Using the regressions should be pretty straightforward, if you can get the data on the independent variables for your company and stay true to decimal format. (25% gets entered as 0.25). As an example, assume that you are looking at Coca Cola in January 2009 and decide to use the US market regression for price to book ratio.

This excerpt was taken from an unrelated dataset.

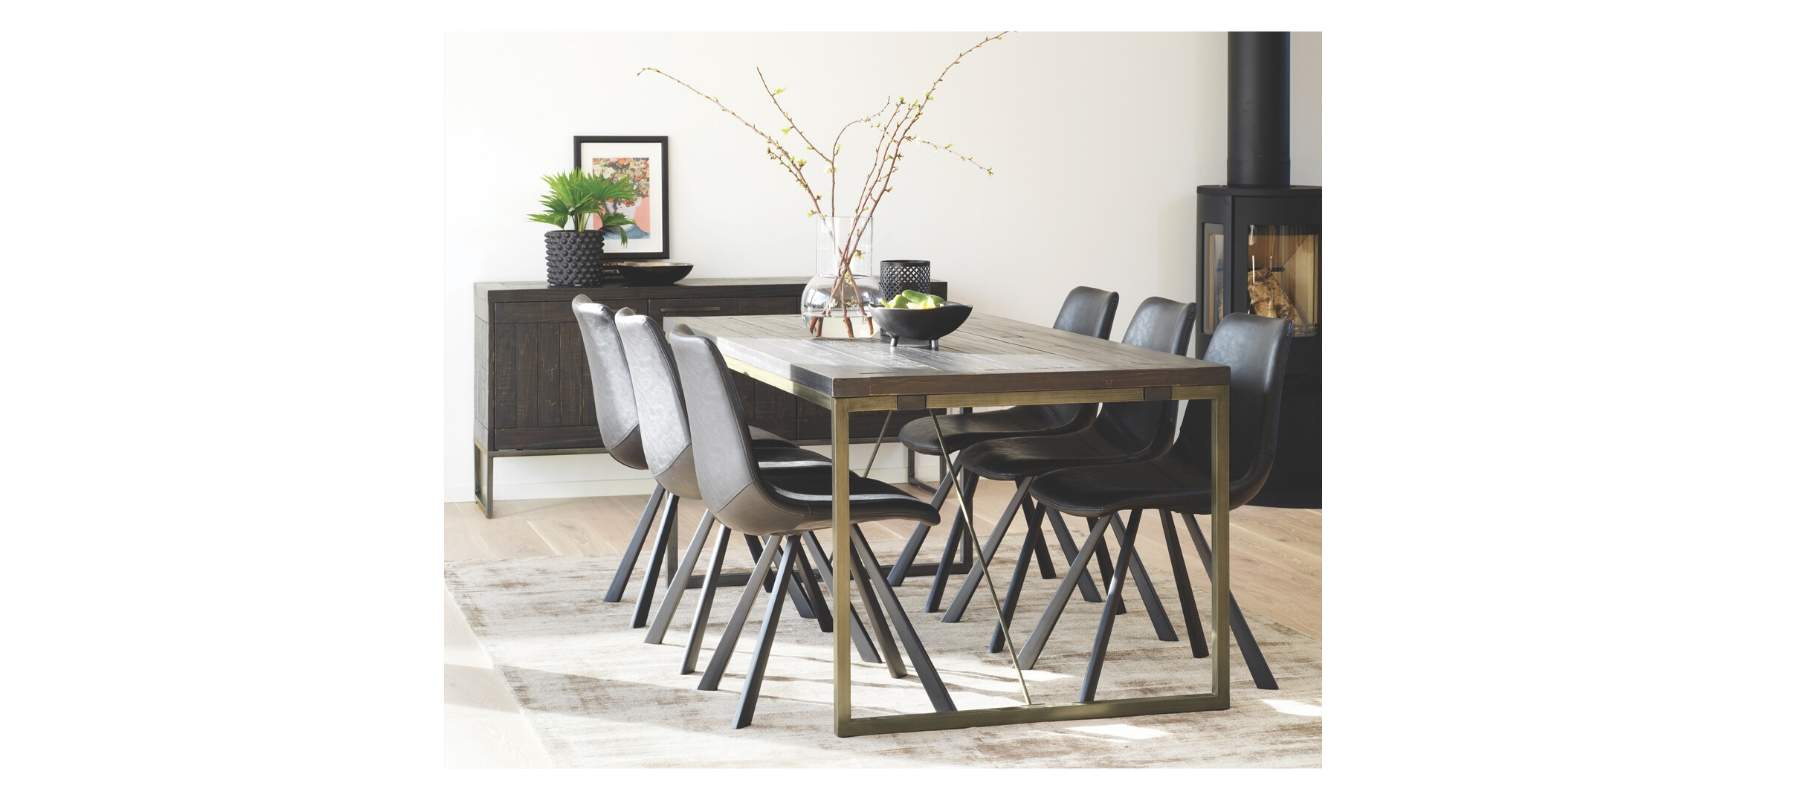 Tavistock Industrial Dining Table with bronze legs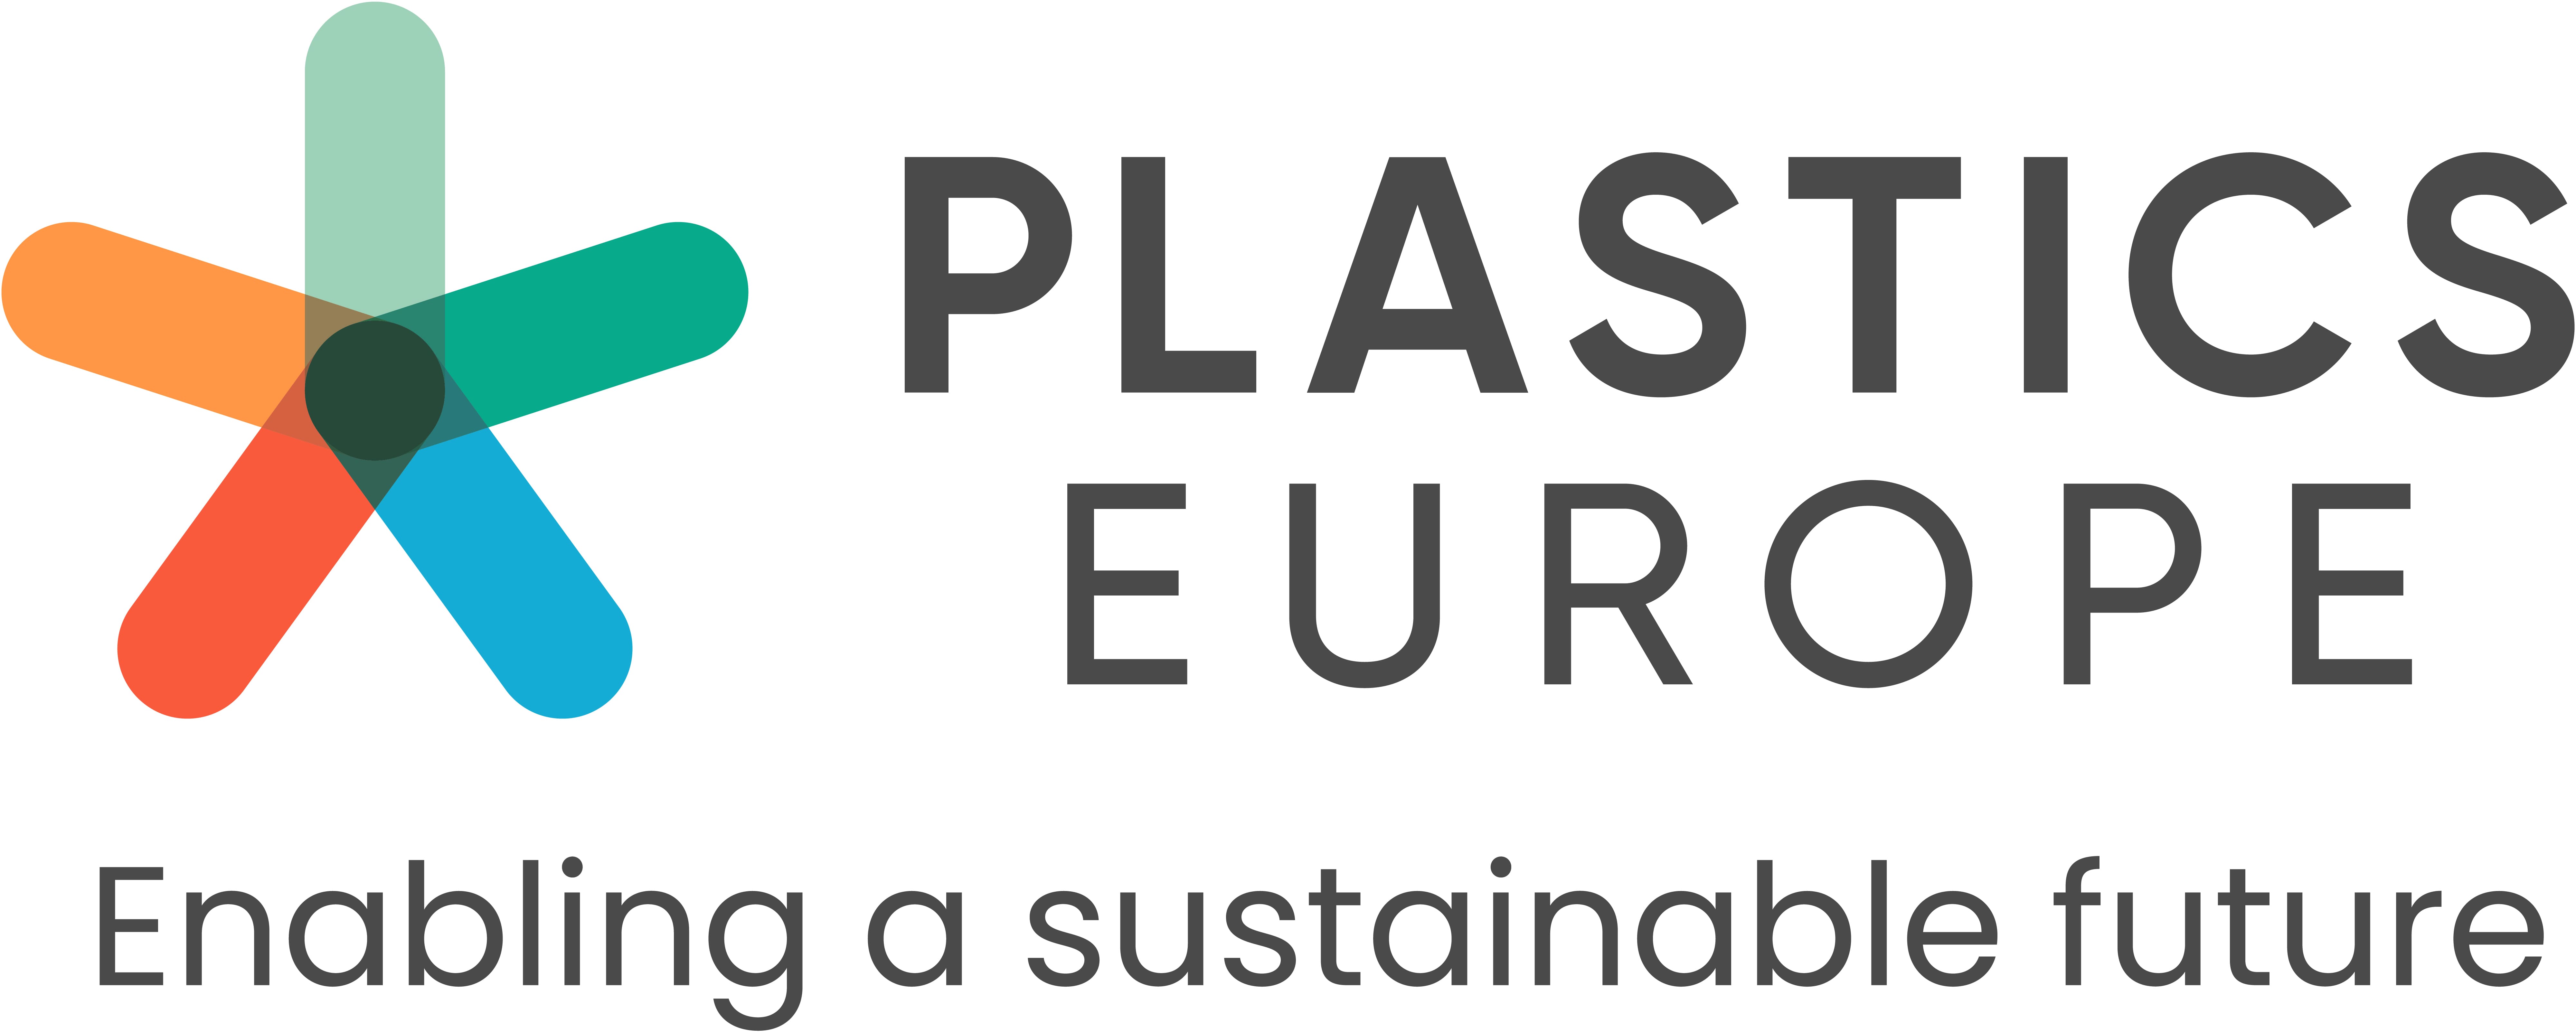 logo plasticseurope

Here are the inputs:
g = The analyst estimate of earnings growth rate for the next 5 years is 7.4% (if you do not have analyst estimates, substitute your own).
ROE =The return on equity last year was 27.50%
Beta =0.70
Payout ratio = Dividend per share/ Earnings per share = 61%
Using the PBV regression:
PBV for Coca Cola = 1.28 + 6.72 (.074)+ 0.33(.61)-1.65 (0.70) + 8.67 (.275)   = 3.21

At its actual price to book ratio of 4.85, Coca Cola is overvalued by about 33%.

 

Market-wide Regressions of Multiples: US Companies in January 2009

T statistics in brackets below coefficients

Regression

R2

PE = 7.62 + 77.98 gEPS + 7.67 Payout -5.37 Beta

        (8.77)   (26.71)      (13.09)            (7.21)

28.6%

PEG = -1.343 -0.48 Beta + 0.89 Payout – 1.17 ln(gEPS)

            (9.69)   (5.26)          (13.99)           (28.20)

53.3%

PBV= 1.28 + 6.72 gEPS + 0.33 Payout -1.65 Beta + 8.67 ROE

           (10.09)   (15.85)    (4.95)     (11.70)         (38.48)

68.3%

PS=  0.29 + 4.32 gEPS+ 0.31 Payout – 0.86 Beta + 11.42 Net Margin

         (2.48)   (9.52)     (4.58)             (8.60)           (35.72)

62.3%

EV/Invested Capital= 1.10 + 3.99 g  + 5.06 ROIC – 1.35 (Debt/Capital)

                                  (10.23)   (6.60)      (20.59)            (10.1)

50.1%

EV/Sales = 1.72      + 1.94 g+ 5.58 Operating Margin – 4.87 Tax Rate

                   (16.46)   (3.32)    (29.00)                             (18.80)

50.3%

EV/EBITDA= 6.68 +25.34 g- 7.99 Tax rate -1.59 (Debt/Capital) -1.837 RIR

                       (18.58)    (12.35)   (9.78)         (3.84)                        (1.94)

19.3%

gEPS = Expected growth rate in EPS for next 5 years (analyst estimates)
g = Expected growth rate in revenues for next 5 years (if not available, use gEPS)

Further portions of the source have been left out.